[RECORDED DATA — start]

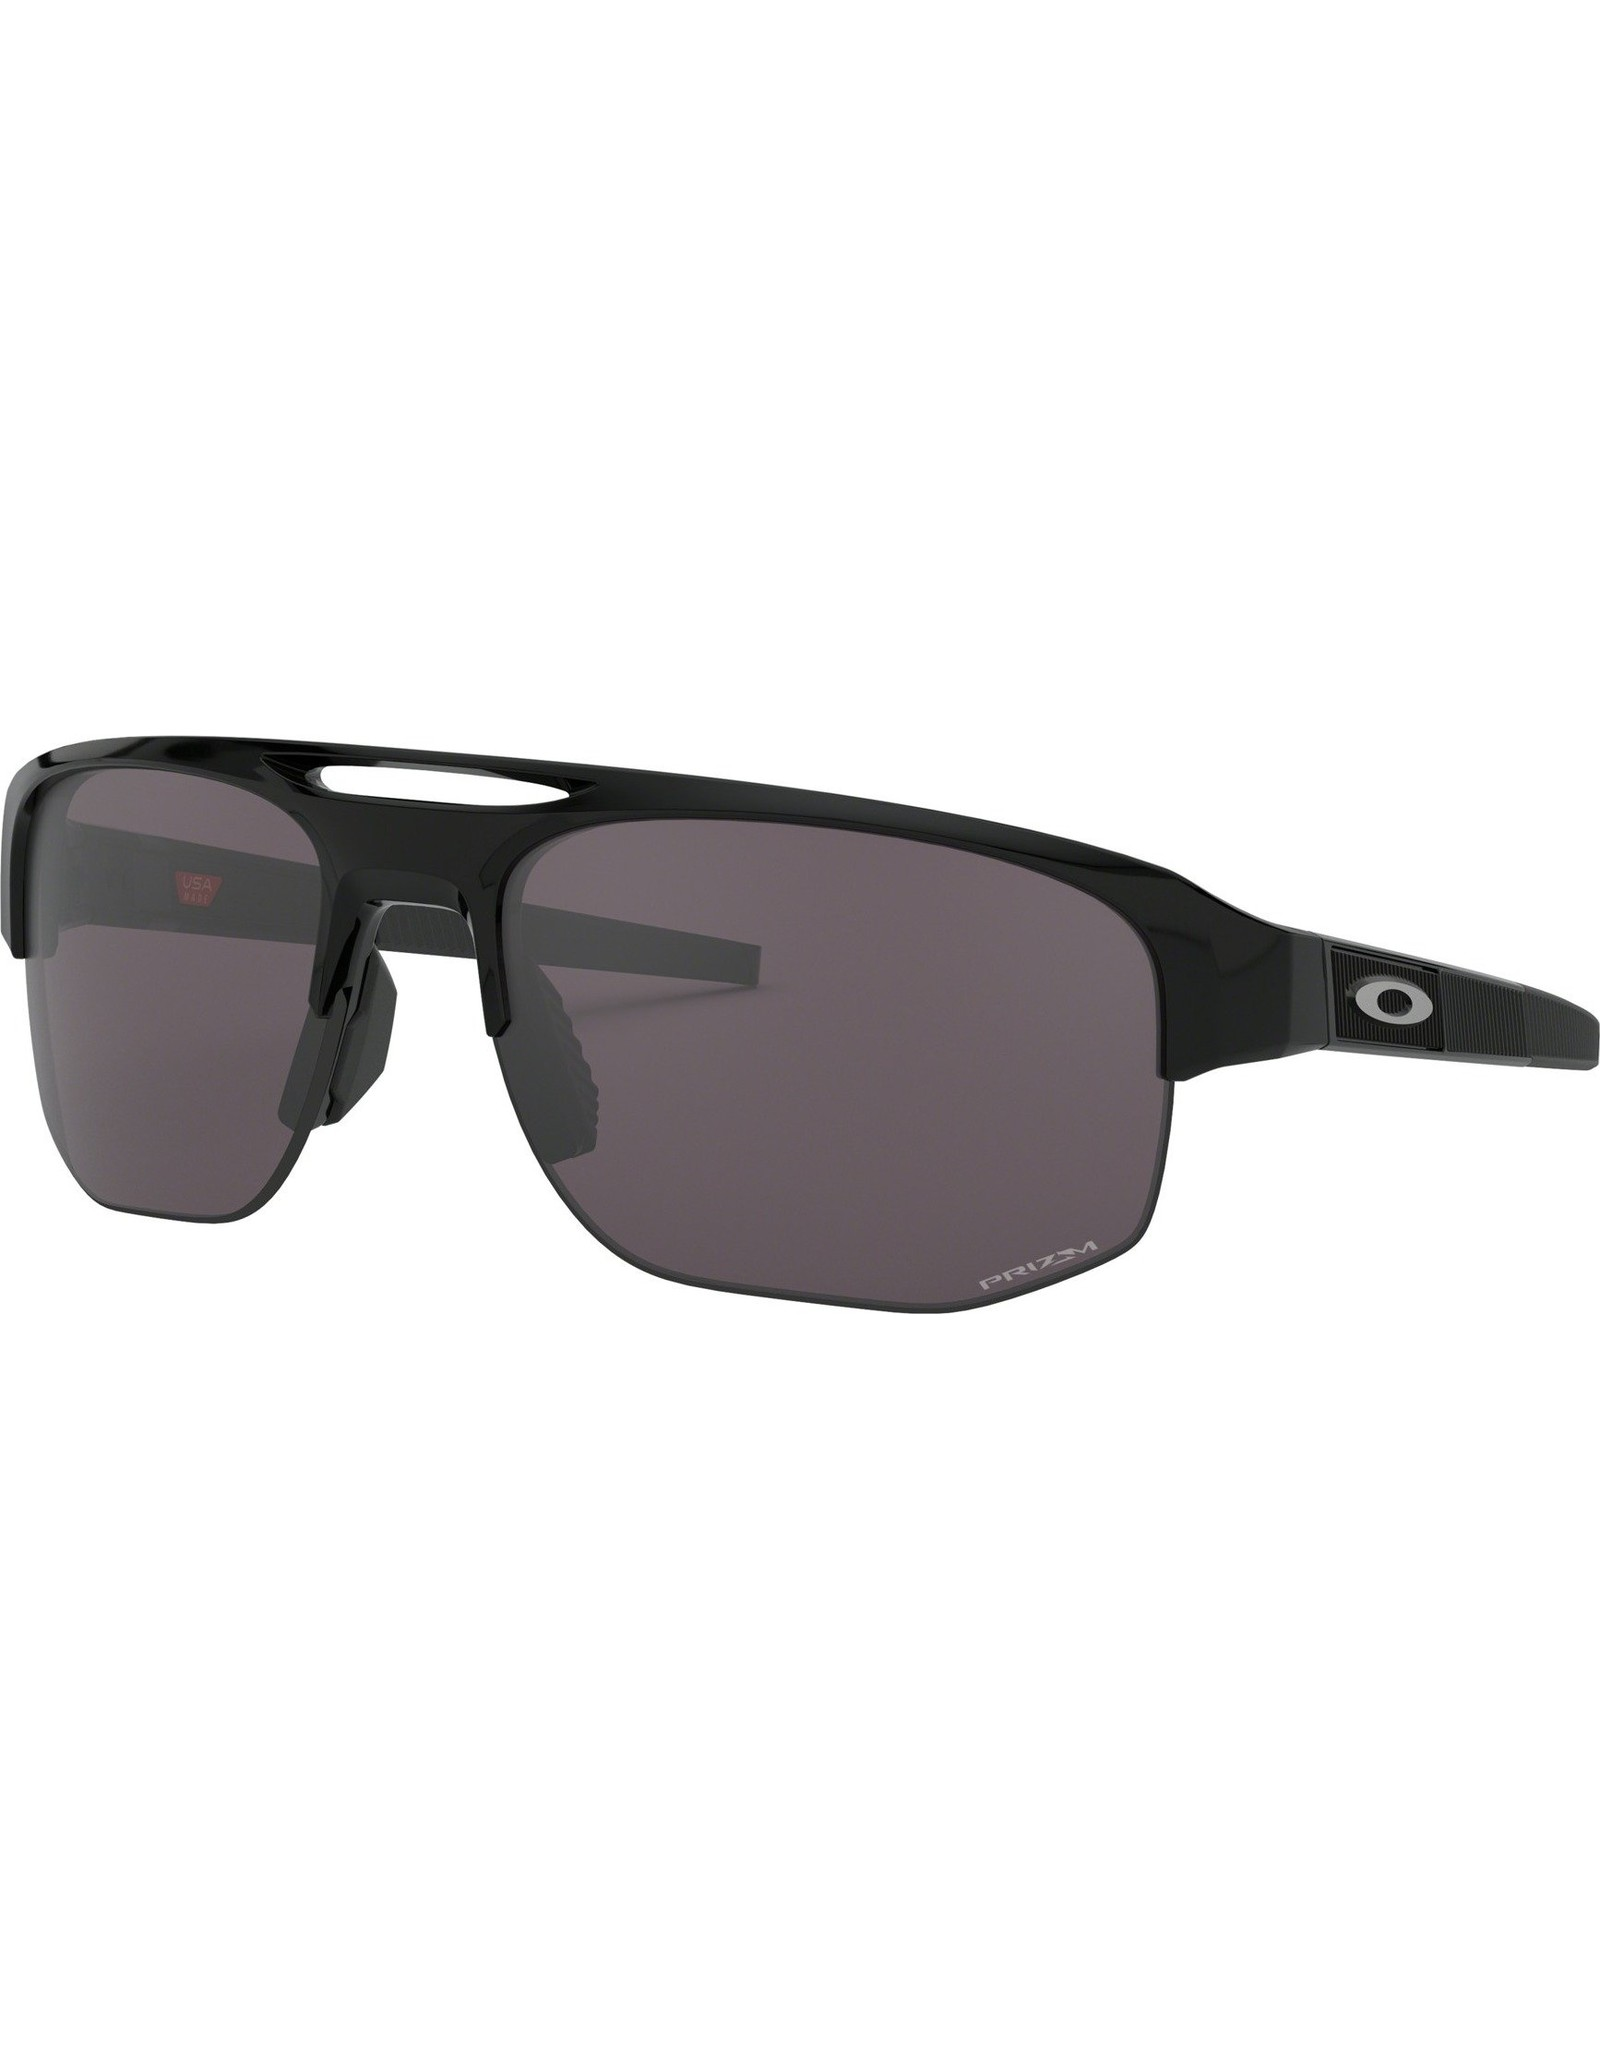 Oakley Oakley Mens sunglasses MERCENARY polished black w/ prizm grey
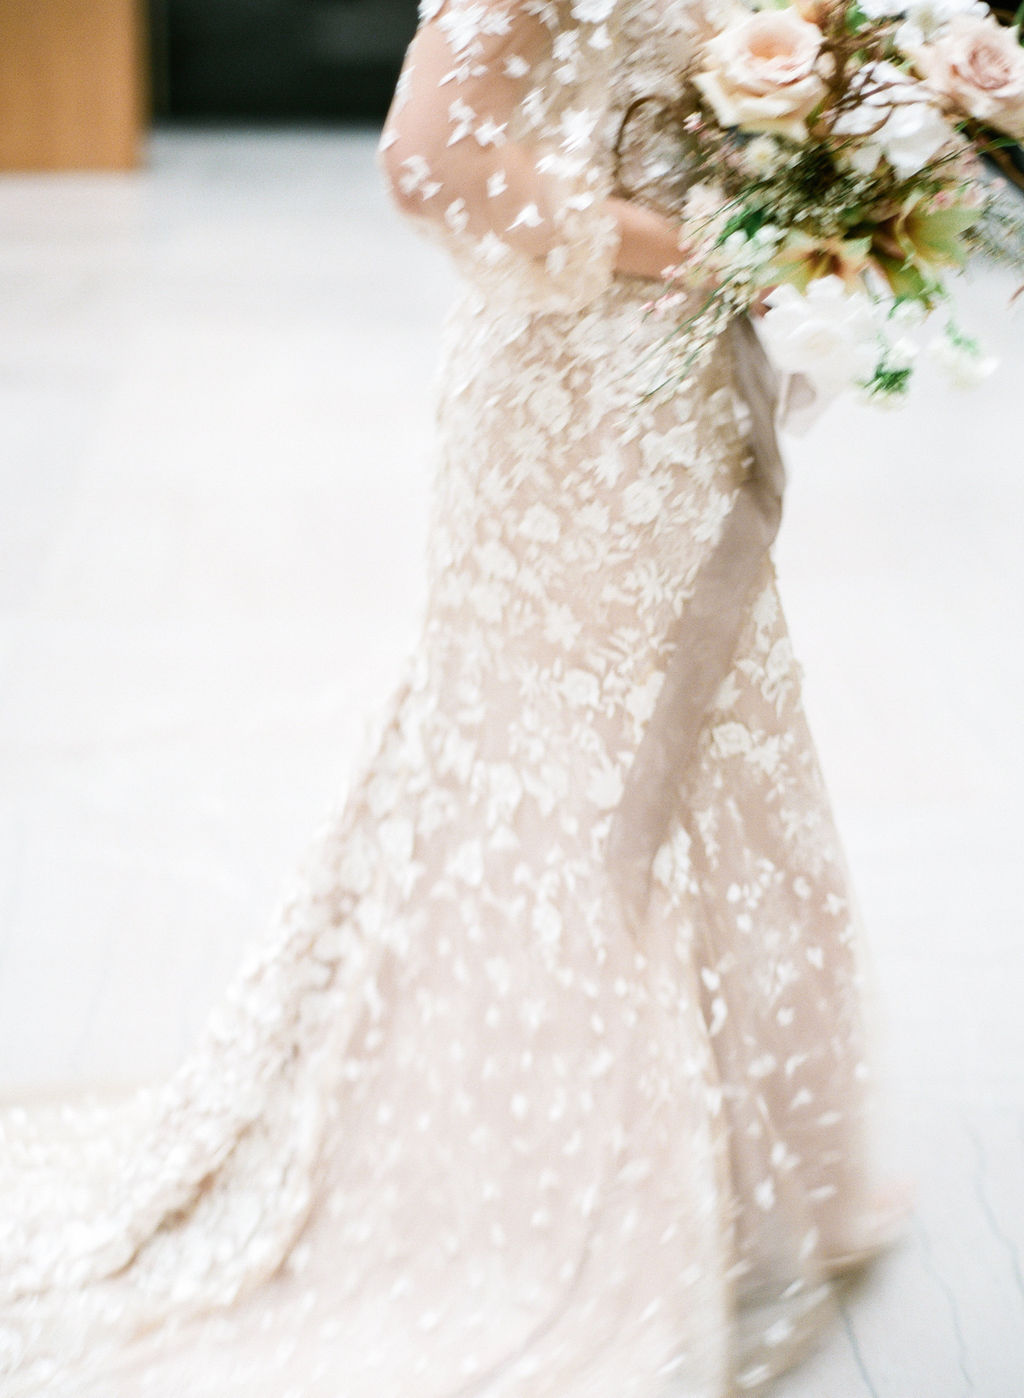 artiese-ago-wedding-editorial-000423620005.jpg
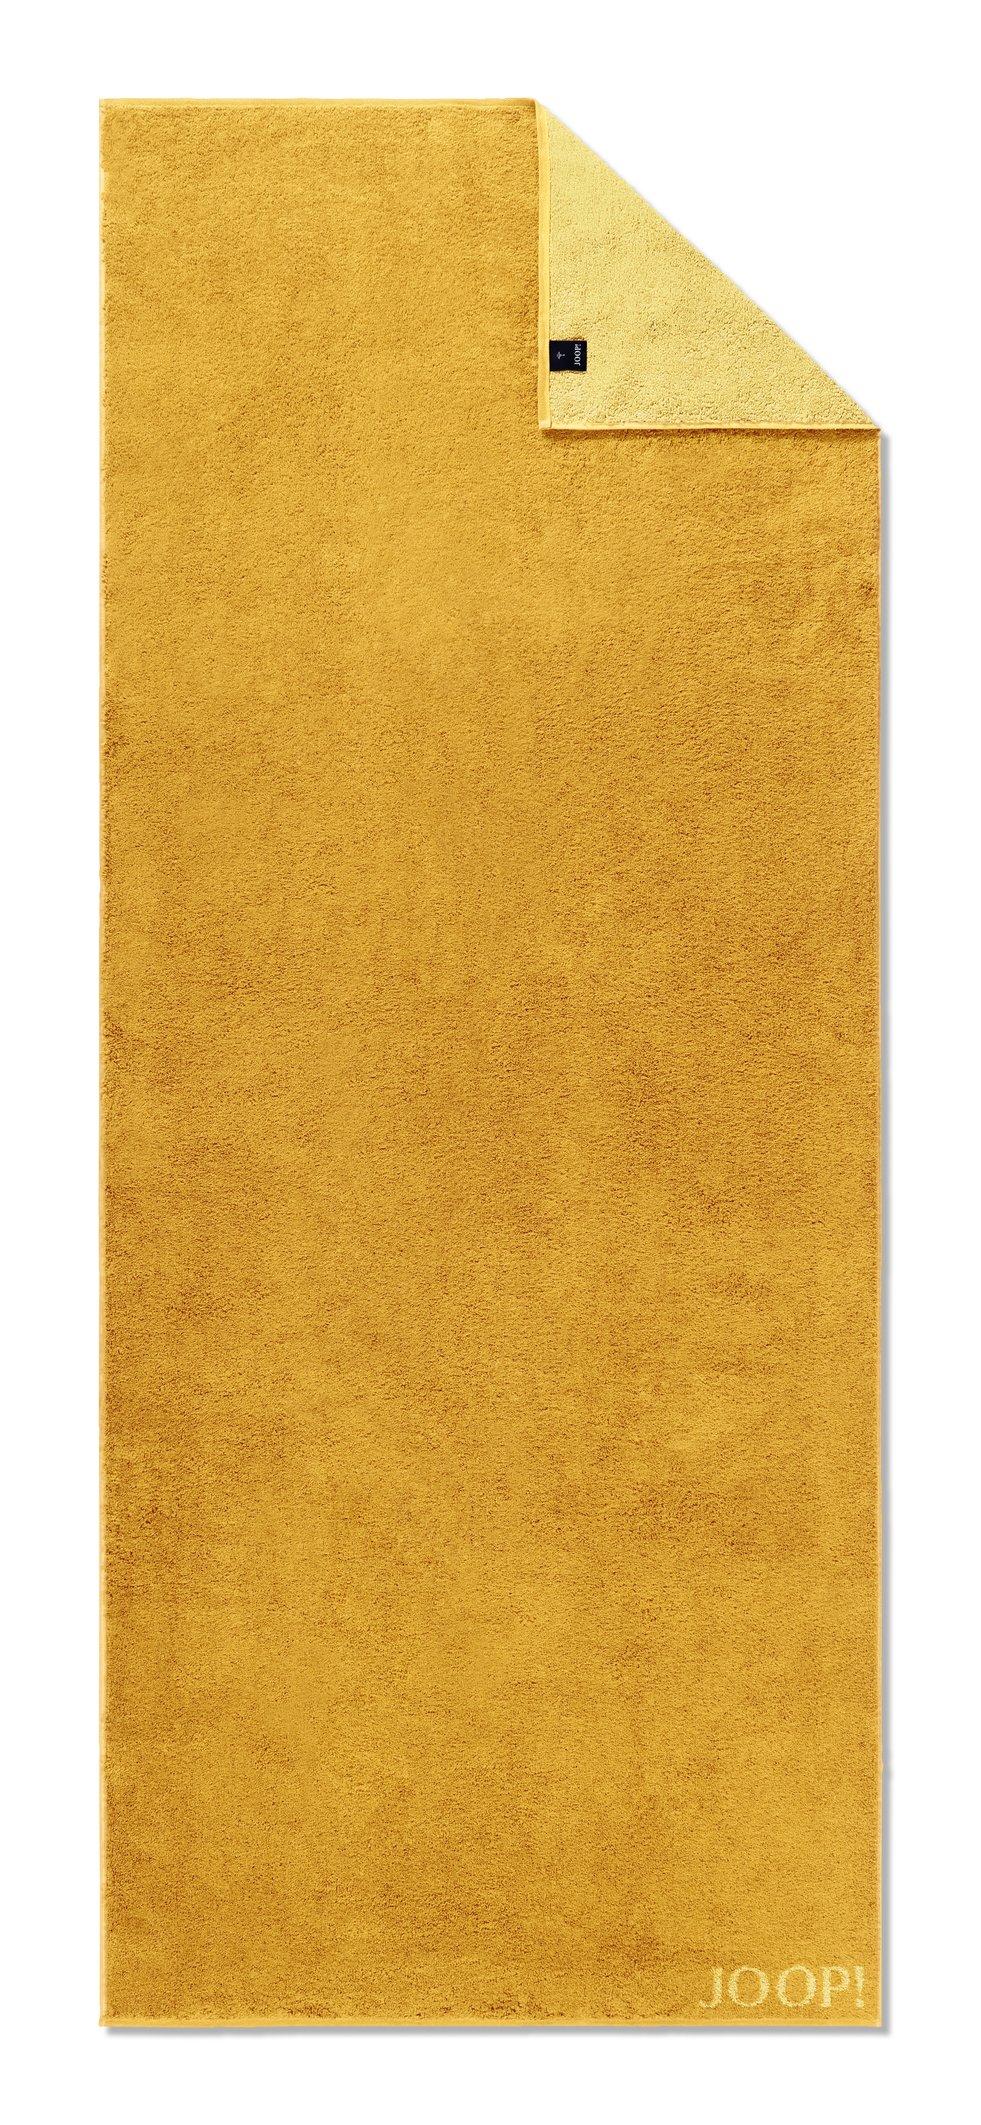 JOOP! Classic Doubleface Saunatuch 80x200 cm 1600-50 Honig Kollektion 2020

[RECORDED DATA — finish]

# WHAT IS NEEDED
Transcribe the material exactly, keeping every word and none of the pictures.

# SOLUTION FOR THIS TASK
 Oakley Oakley Mens sunglasses MERCENARY polished black w/ prizm grey
 artiese-ago-wedding-editorial-000423620005.jpg
 JOOP! Classic Doubleface Saunatuch 80x200 cm 1600-50 Honig Kollektion 2020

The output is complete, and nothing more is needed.